Meus dedos acariciam a pele de sua bochecha levemente para não machucá-lo. "Sinto muito."
'Por quê?'
'Pelo que aconteceu com você. Nenhuma criança deveria passar por isso.'
'Eu pensei que você sentia muito por me envenenar.'
'Você sabe que eu fiz o que tinha que fazer pela irmandade.'
Ele envolve uma mão em volta do meu pescoço e me prende firmemente no lugar. 'E quanto ao seu marido, porra?'
"Porque você é meu marido, eu queria que você fosse embora." Eu me forço contra seu aperto e selo meus lábios aos dele antes que ele possa dizer qualquer outra coisa. Eu o beijo lentamente, timidamente, como se eu não soubesse como beijar. A verdade é que, antes dele, eu nunca me dei ao trabalho de aprender. Eu mal tinha interesse no outro sexo ou em sexo em geral. Ainda assim, de alguma forma, ele se tornou meu desejo mais profundo e sombrio – aquele sem o qual eu não poderia sobreviver e que também poderia me matar simultaneamente.
O ritmo de Ethan aumenta, e ele entra em mim com a urgência de um homem que não tem nada atrás dele ou antes dele, então ele só pode viver neste momento. Nossas línguas e dentes se chocam, e eu continuo sentindo o gosto do metal do seu sangue, mas se dói, ele não se afasta.

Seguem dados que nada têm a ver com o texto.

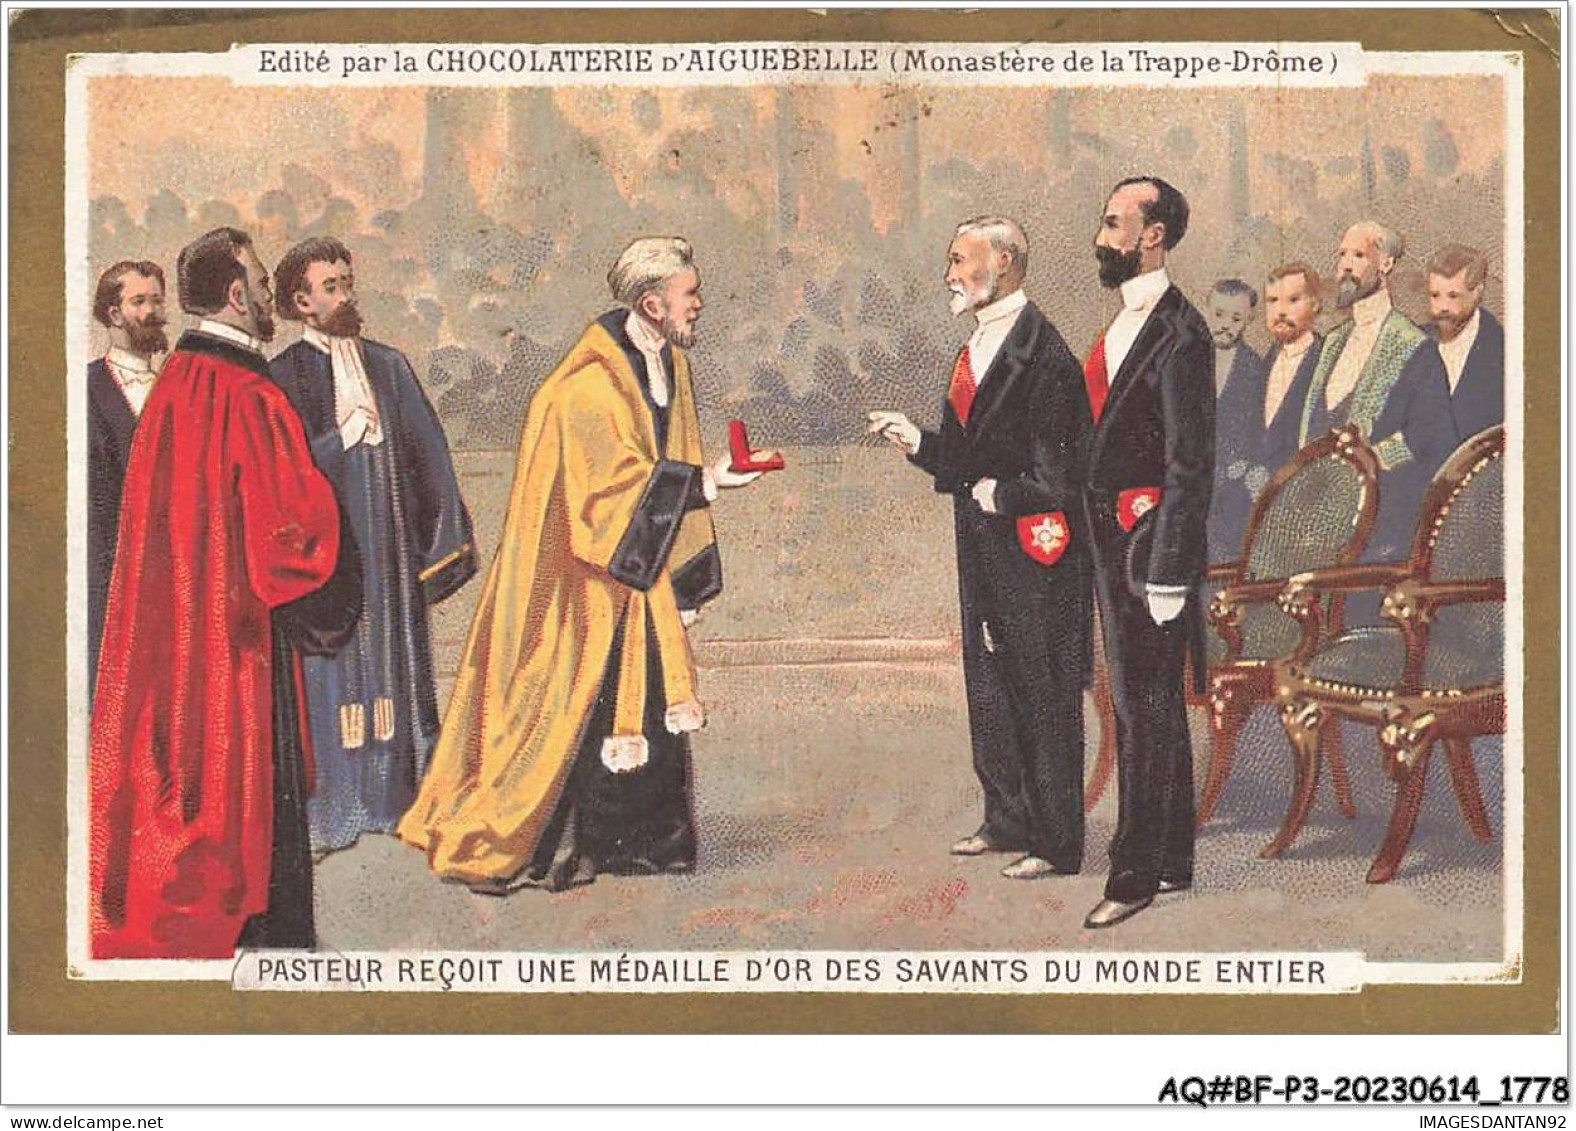 AQ#BFP3-CHROMOS-0887 - CHOCOLAT D'AIGUEBELLE - Pasteur Reçoit Une Médaille D'or Des Savants Du Monde Entier - Aiguebelle

Sua urgência corresponde à minha. Eu consigo sentir o desespero em seu beijo e sentir a obsessão ilimitada em cada estocada.
Não importa que eu tenha dito adeus ou que isso seja apenas temporário. Tudo o que posso fazer agora é me perder nele e orar para que não haja saída.
Seus dedos se apertam em volta do meu pescoço, e eu simultaneamente sinto minhas paredes se fechando em volta de seu pau. Ele está todo em cima de mim, dentro de mim, ao meu redor, e é impossível escapar do seu controle.
A cor azul penetrante de seus olhos captura os meus quando seu toque deixa os limites da minha pele e atinge direto meu peito.
Ele disse que eu o envenenei, mas ele é quem me envenenou. Ele é quem está atirando uma flecha em meu coração, e eu não tenho como impedir, porque ele destruiu minha fortaleza.
O orgasmo me atinge como um explosivo de queima lenta. Eu gemo, tremendo, enquanto as lágrimas escorrem pelas minhas bochechas.
Ethan as beija, enquanto seus abdominais se contraem, e ele derrama dentro de mim. Eu fico tentada a fechar os olhos para absorver a sensação, mas não o faço. Eu prefiro observá-lo em vez disso, mesmo que seu rosto não seja o mesmo de sempre.
Nós dois estamos ofegantes, suas respirações se misturando com as minhas e suor cobrindo nossa pele.
Eu apoio minha cabeça em seu ombro, mas permaneço em silêncio porque no momento em que eu falar, tudo terminará, e eu terei que voltar à sombria realidade onde ele realmente tem que ir embora.
E desta vez, eu estou curiosa para saber se eu consigo lidar com isso.